The regional picture
Belarus is now the fifth European country with a Russia-style “LGBT propaganda” law on the books, joining Russia itself, Hungary (still in effect pending Tuesday’s ECJ ruling), Georgia, and Kyrgyzstan on the CIS periphery. Slovakia, Bulgaria and Romania have considered similar legislation in the past three years without passing it. The pattern is coherent: these are countries whose governments need a culturally cheap wedge issue, a distraction from economic fragility, and a gesture of alignment with Moscow’s social vision.
The Belarus law is, in that sense, fully expected. It arrives right on schedule for a regime whose relationship with the Kremlin deepened after 2020. What makes it noteworthy is not the surprise — there wasn’t any — but the velocity. The bill moved from first reading to presidential signature in under six months. In a functioning parliamentary system that might be normal. In Belarus it confirms that the regime wanted it, that Moscow wanted it, and that nobody inside the system was interested in slowing it down.
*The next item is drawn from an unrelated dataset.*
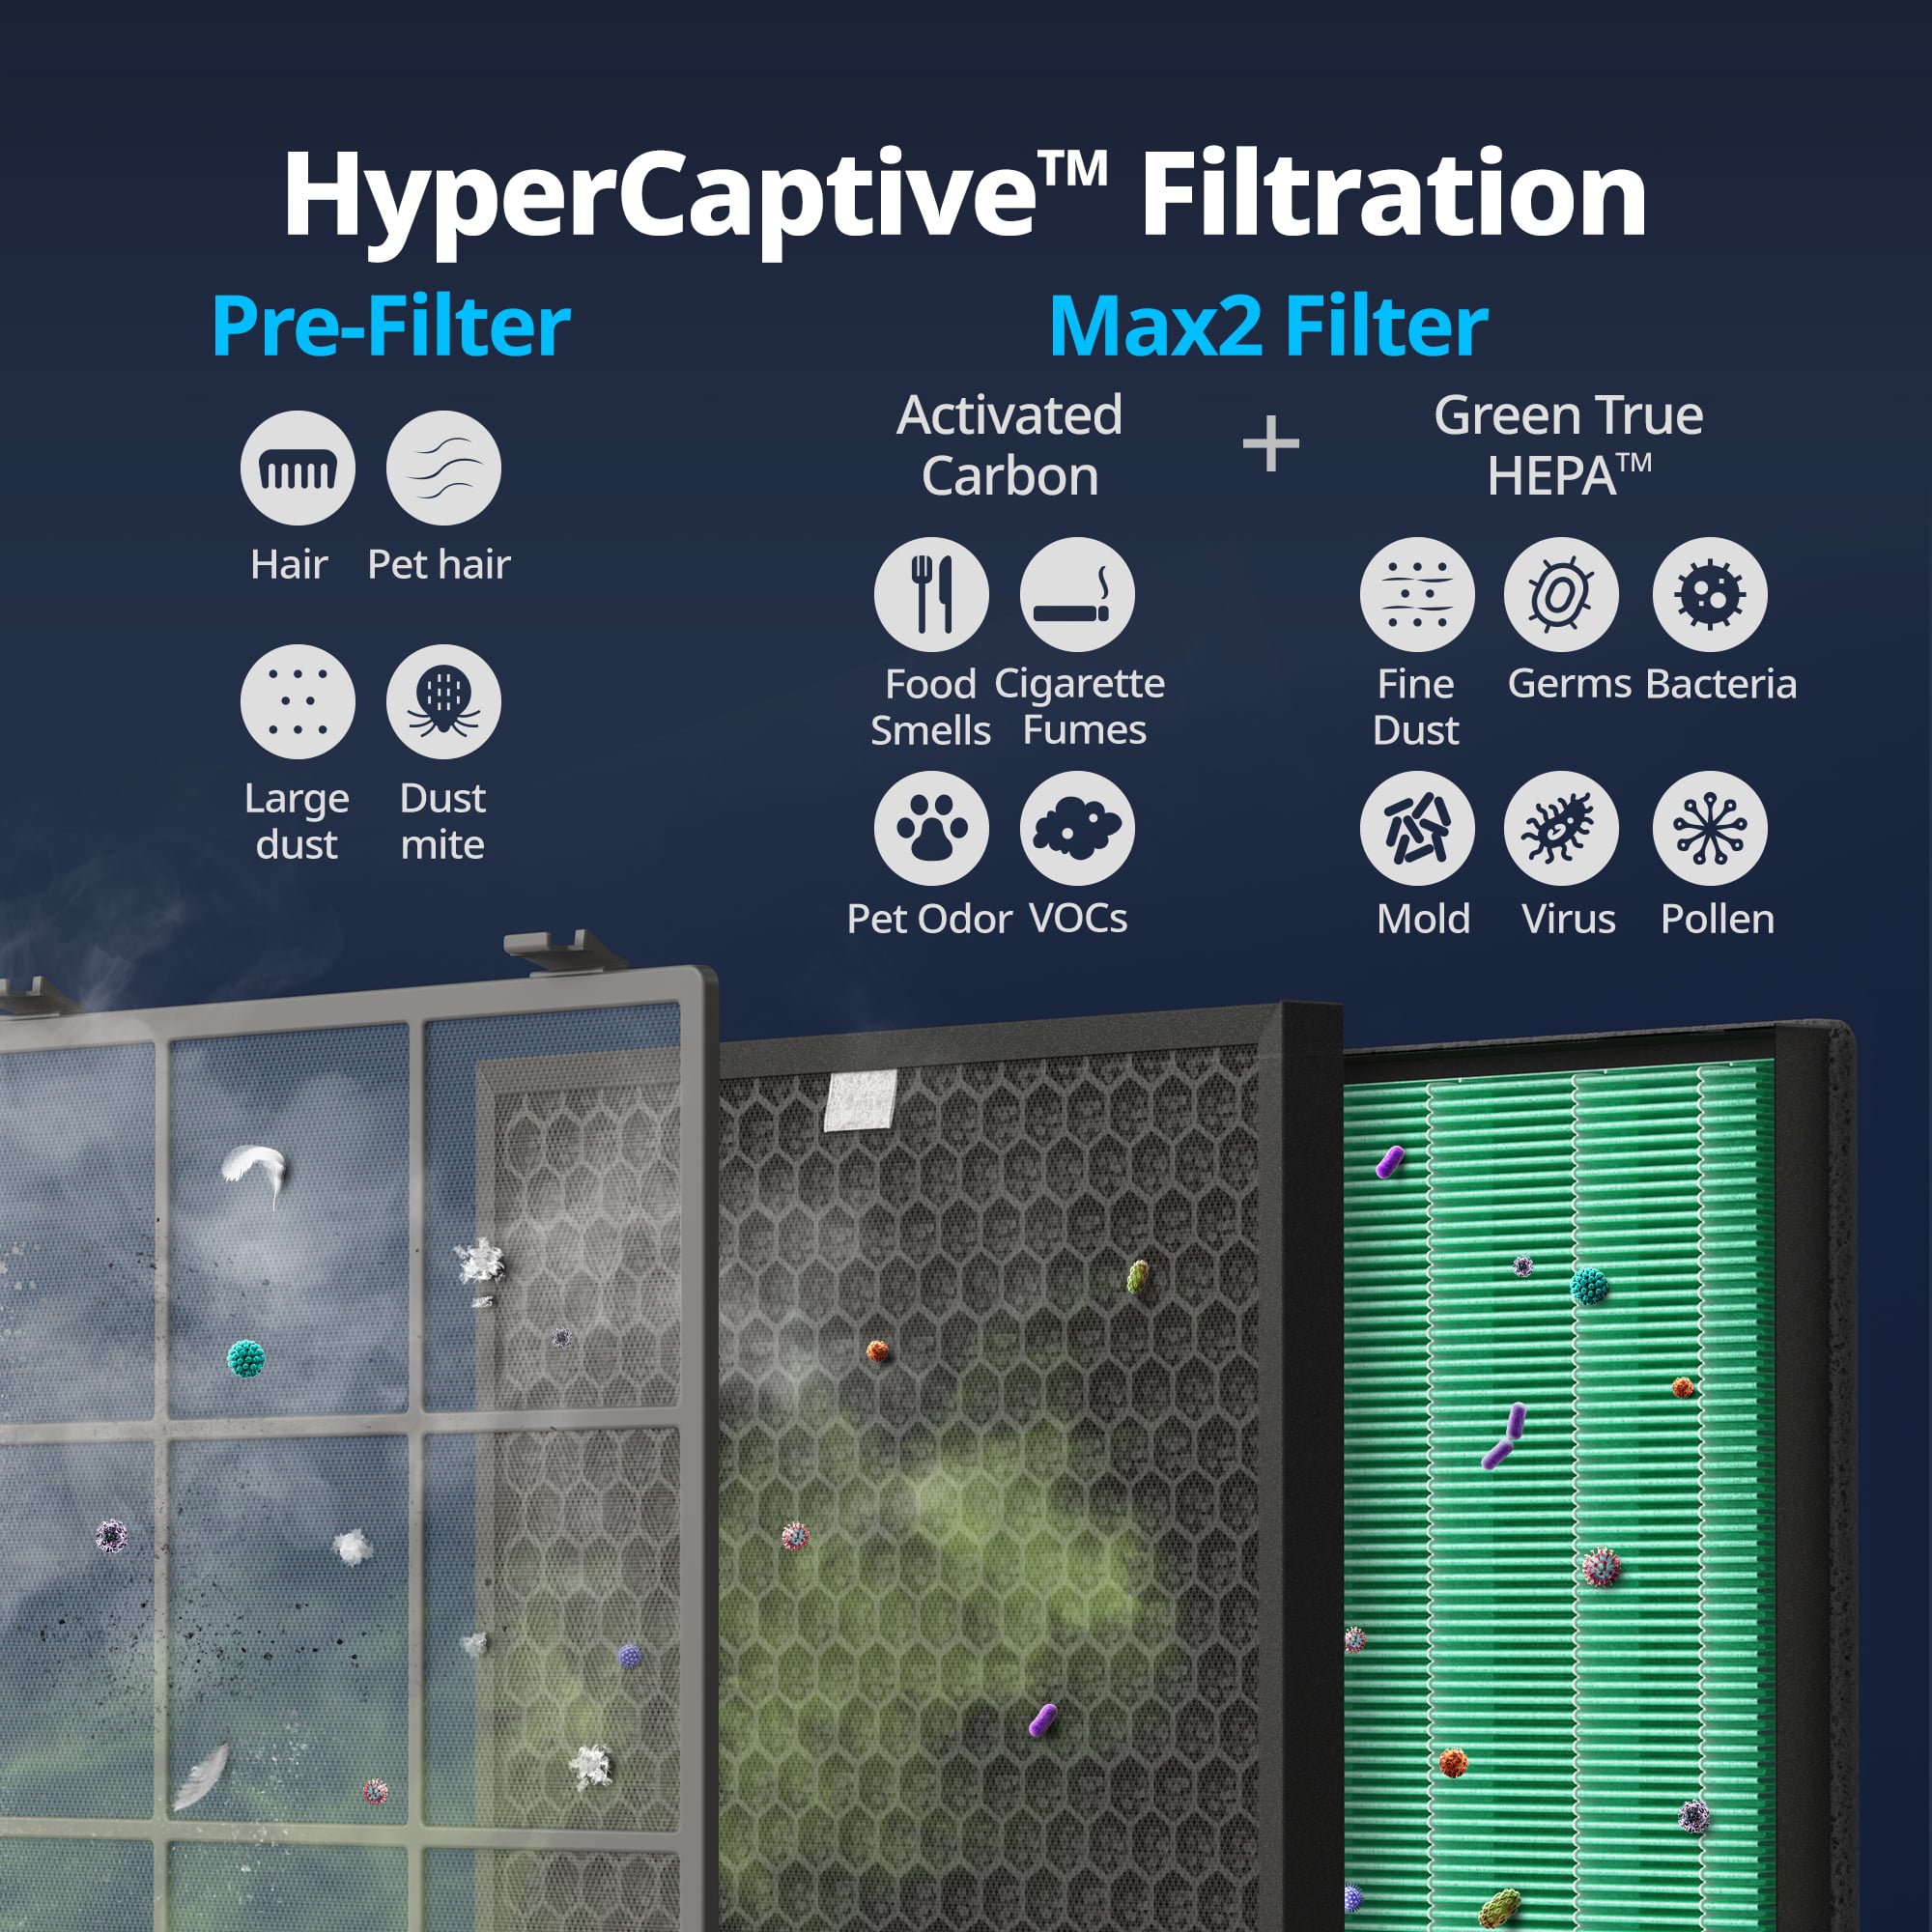 HyperCaptive Filtration

For LGBTQ+ Belarusians still in the country, the options have narrowed again. For the exiled community in Lithuania, Poland and Ukraine, there is more work to do. And for everyone trying to track how Russia-style “traditional values” legislation spreads across Eastern Europe, the new law is a data point worth bookmarking — because the next country considering a similar bill will point to Belarus as a precedent that survived its own UN condemnation.